The Canadian researchers reviewed the results of over 1,100 IUI procedures and found that the birth rate for women between the ages of 40 and 42 was 9.8% per procedure, compared to 12.9% for women of all ages. Older women did have significantly more miscarriages however, with 52% of women in their 40s losing the pregnancy, compared to 35% of women between the ages of 30 and 35. The findings were published in the July issue of the journal Fertility and Sterility.

"The overall success rate with IVF is about 15% for women who are in that 40 to 42-year age group, so many couples may feel that the difference doesn't justify the cost," fertility specialist Steven J. Ory, MD, tells WebMD. "But obviously neither procedure is very effective after 40. There is a dramatic decline in the success rate of all interventions with the exception of using donor eggs." Ory practices in Margate, Fla., and is president of the Society for Reproductive Endocrinology and Infertility.

Fertility specialist E. Scott Sills, who practices in Atlanta, Ga., says he does not believe women over 40 are being steered away from IUI to more expensive and high-tech infertility treatments. But he adds that most couples he sees would not consider a treatment with a success rate of less than 10% just because it is less expensive.

"In a patient over 40, the odds are against achieving pregnancy unless a donor egg is used, and these findings don't dispute that," he says. "But I don't disagree with the message that this treatment should be considered in women in their early 40s."
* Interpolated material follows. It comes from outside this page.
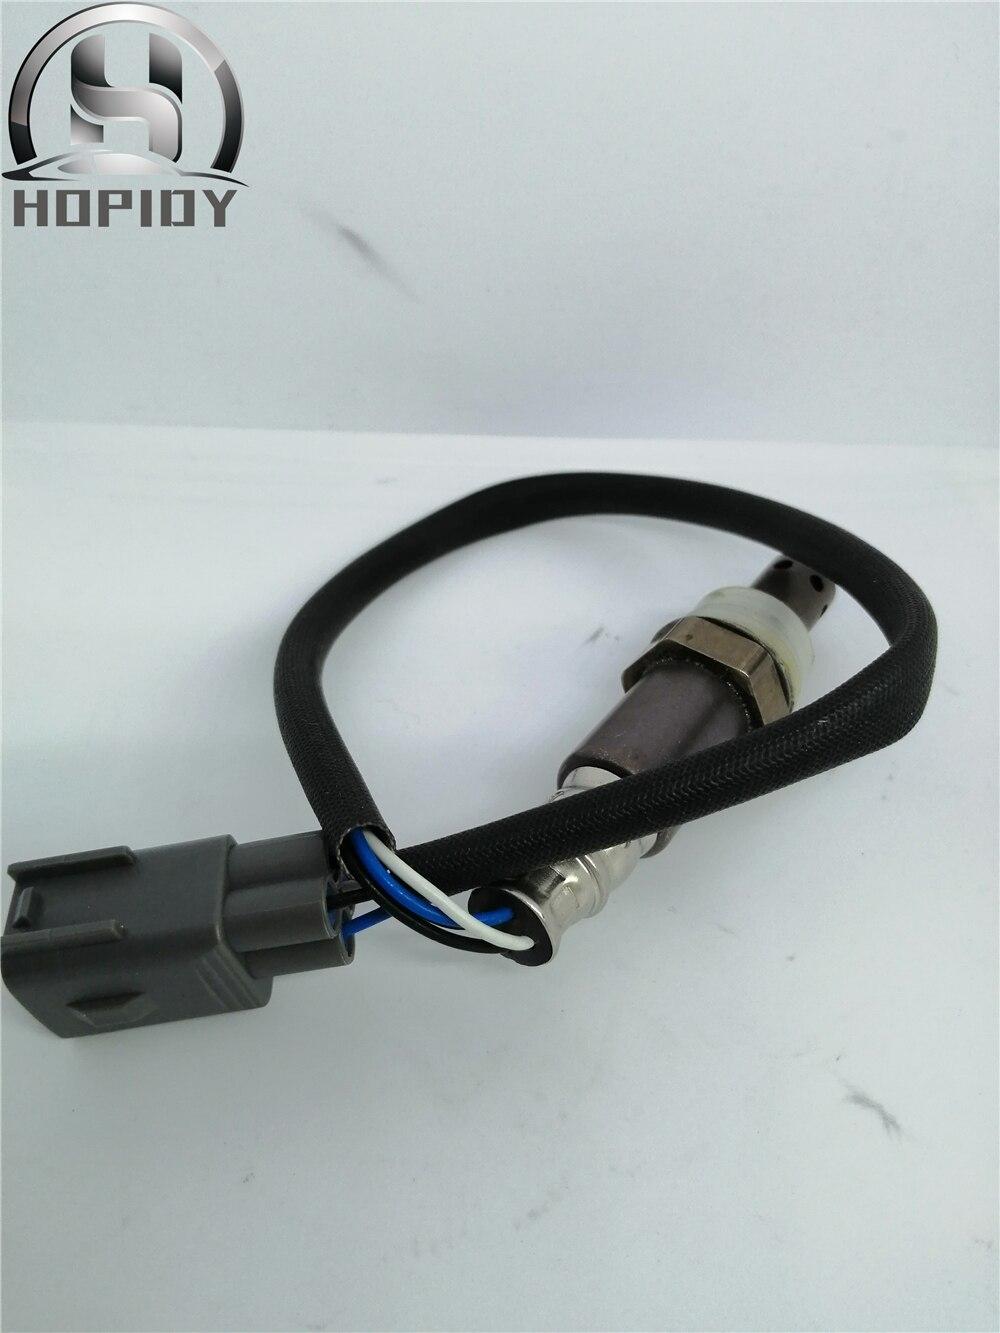 89465-20810 Lambda Probe O2 Oxygen Sensor Fit For Toyota Yaris 1.3L 1.5L 1NZ-FE 2NZ-FE 1999-2005 250-24927 8946520810 2502492710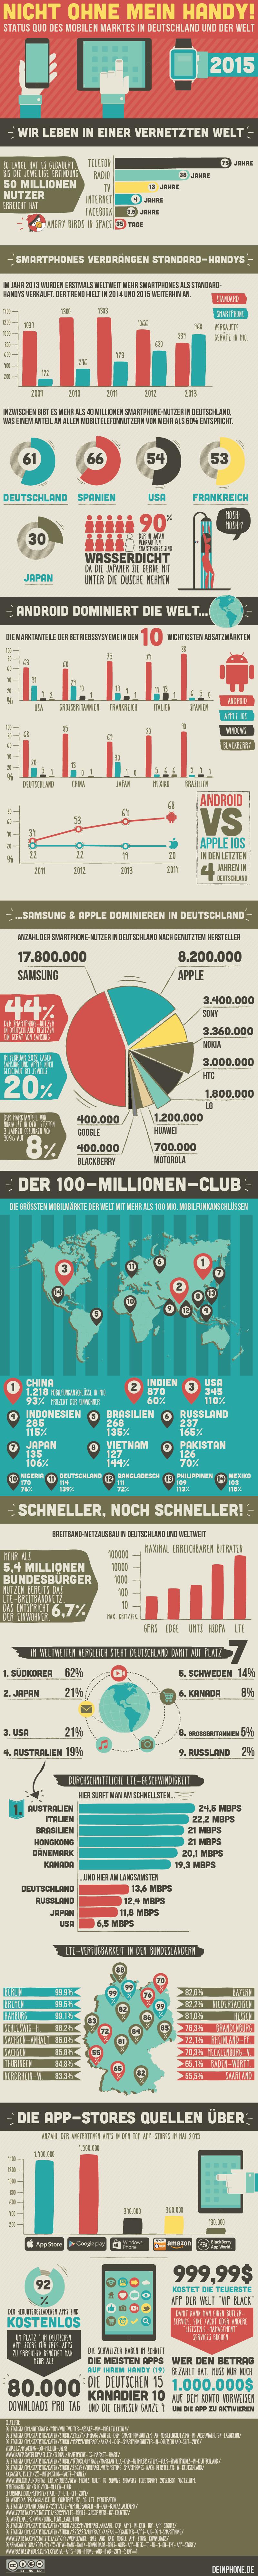 Nicht ihne mein Handy 2015 - Infografik

Ory and Sills agree that fertility specialists counseling older women have an obligation to explain the risks, benefits and potential success rates of all viable treatment options. Sills adds that older women over 40 must also consider their higher risk of delivering a child with genetic abnormalities. At age 45 the risk of having a child with Down syndrome is one in 35, compared to one in 2,000 for women under 35.

"The physician has a big responsibility to communicate the subtleties of the various options, but in the end it is the patient's decision," he says. "The decision should never be made unilaterally by the physician."